This heat can be conducted away from the stator via the cool air
flowing through the air duct.
[0022] In a particularly advantageous specific embodiment of the
present invention, the air duct has an intake duct that permits air
to flow from the surrounding environment into the pump chamber.
Correspondingly, the air duct can also have an outlet duct so that
air can flow out of the pump chamber to the surrounding
environment. While in a first variant, the ambient air is conveyed
back and forth in the air duct, if the air duct is divided into an
intake duct and an outlet duct a directed air flow can be achieved
that always flows only in one direction. Correspondingly, cold air
is supplied from the surrounding environment via the intake duct,
while the heated air is emitted to the surrounding environment via
the outlet duct.
[0023] In order to support the directed air flow, it is
particularly advantageous if a check valve that permits air flow in
only one direction is situated in the intake duct and/or in the
outlet duct.
[0024] In an advantageous development of the present invention, a
storage device is provided that stands in communicating connection
with the outlet duct and that is used for the intermediate storage
of at least some of the air flowing out via the outlet duct. The
storage device ensures an equalization of the air pressure
fluctuations that necessarily result from the movement of the pump
element. Pressure peaks can be dismantled through a temporary
storage of air by the storage device. If, in contrast, no air is
supplied by the pump element, the storage device releases the air,
thus providing for an essentially uniform stream of cooling air.

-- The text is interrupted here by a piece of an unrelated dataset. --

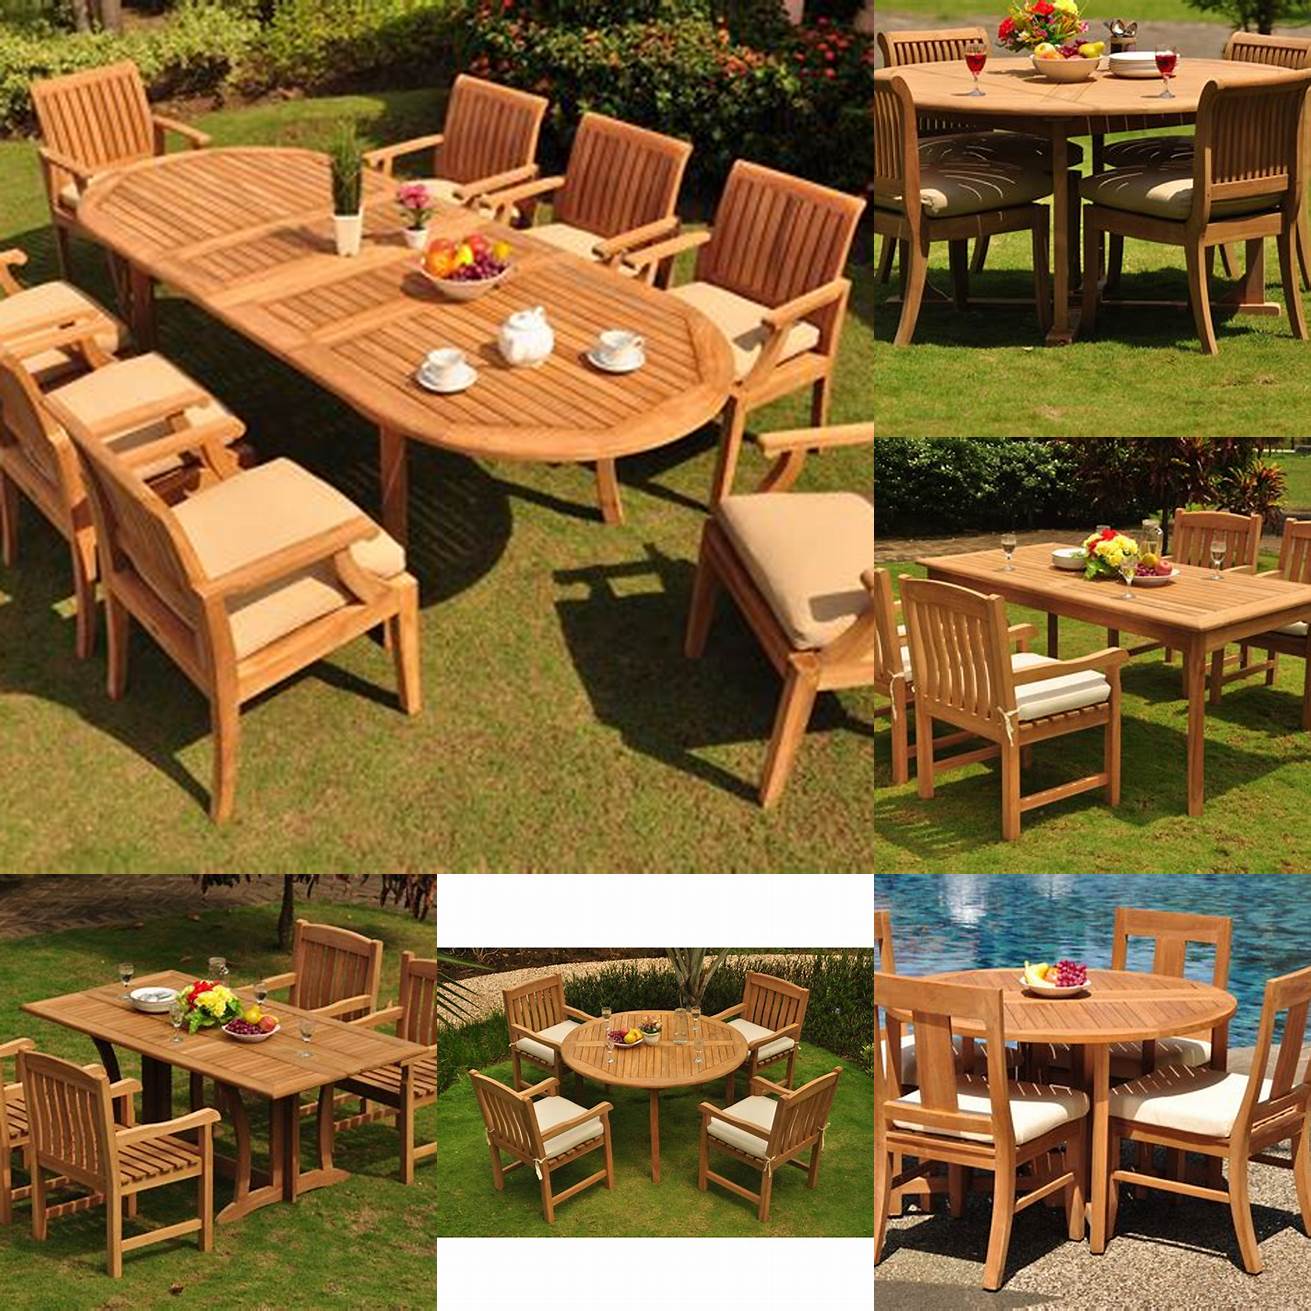 Teak dining table and chairs set

For this purpose, it is useful that an elastic or spring-loaded
element be provided in the storage device that modifies the size of
a storage chamber dependent on the pressure of the air flow
supplied by the pump element.
[0025] Preferably, a cross-section of the outlet duct downstream
from the storage device is, smaller than a cross-section of the
outlet duct upstream from the storage device. This makes it
possible for the air stream conveyed by the pump element to reach
the storage device in an unhindered fashion, in order to fill the
storage device in as loss-free a manner as possible. The actual
cooling air stream is then conducted away via the outlet duct
having the smaller cross-section, this outlet duct being routed
past the heat-producing components.
[0026] In order to support a directed air flow, a check valve can
be situated in the outlet duct between the pump chamber and the
storage device.
[0027] In a particularly advantageous specific embodiment of the
present invention, the pump element is situated behind the drive
element and the runner, seen in the direction of impact.

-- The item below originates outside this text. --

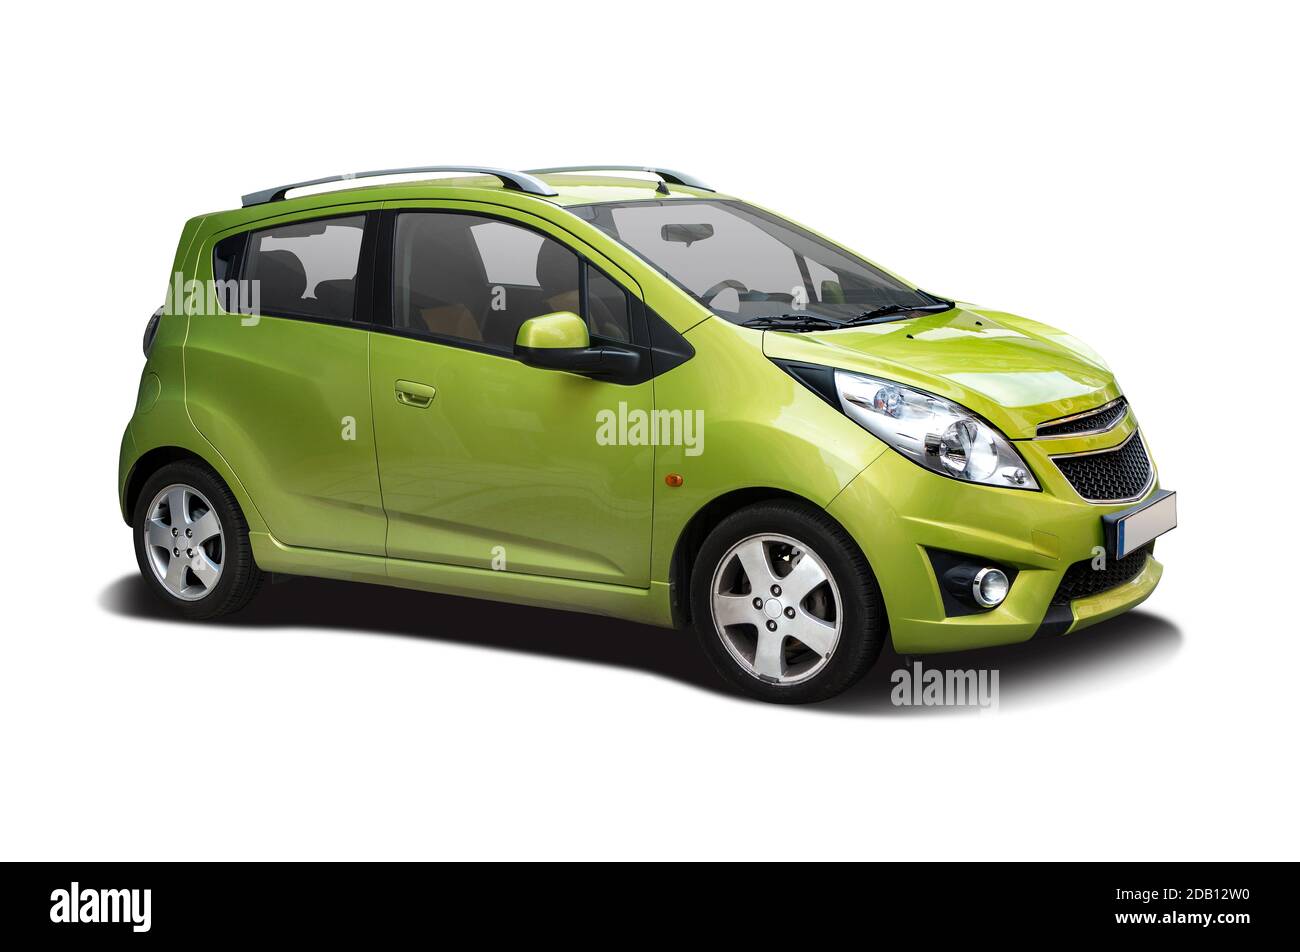 Green small hatchback car isolated on white background Stock Photo

Alternatively, the pump element can also be situated next to the
percussion mechanism. Here it should be sought to situate the
air-conveying device in the hammer housing in as space-saving a
manner as possible in order not to increase the constructive
volume, above all the length.
[0028] In a particularly preferred specific embodiment of the
present invention, the percussion mechanism is formed by a
pneumatic spring hammer mechanism. For this purpose, the drive
element is fashioned as a drive piston and the percussion element
is fashioned as a percussion piston, the coupling device having an
air spring formed in a hollow space between the drive piston and
the percussion piston. The air spring thus transmits, in a known
manner, the drive movement of the drive piston to the percussion
piston.
[0029] The coupling according to the present invention of a linear
drive to an air-conveying device can be applied to all types of
percussion mechanisms. In particular, the coupling according to the
present invention is suitable for percussion mechanisms that are
fashioned as pneumatic spring hammer mechanisms, and is thus
suitable for known tube hammer mechanisms (drive piston and
percussion piston having the same diameter), hollow piston
percussion mechanisms (drive piston having a hollow space in which
the percussion piston moves), or percussion mechanisms having a
hollow percussion piston in which the drive piston moves.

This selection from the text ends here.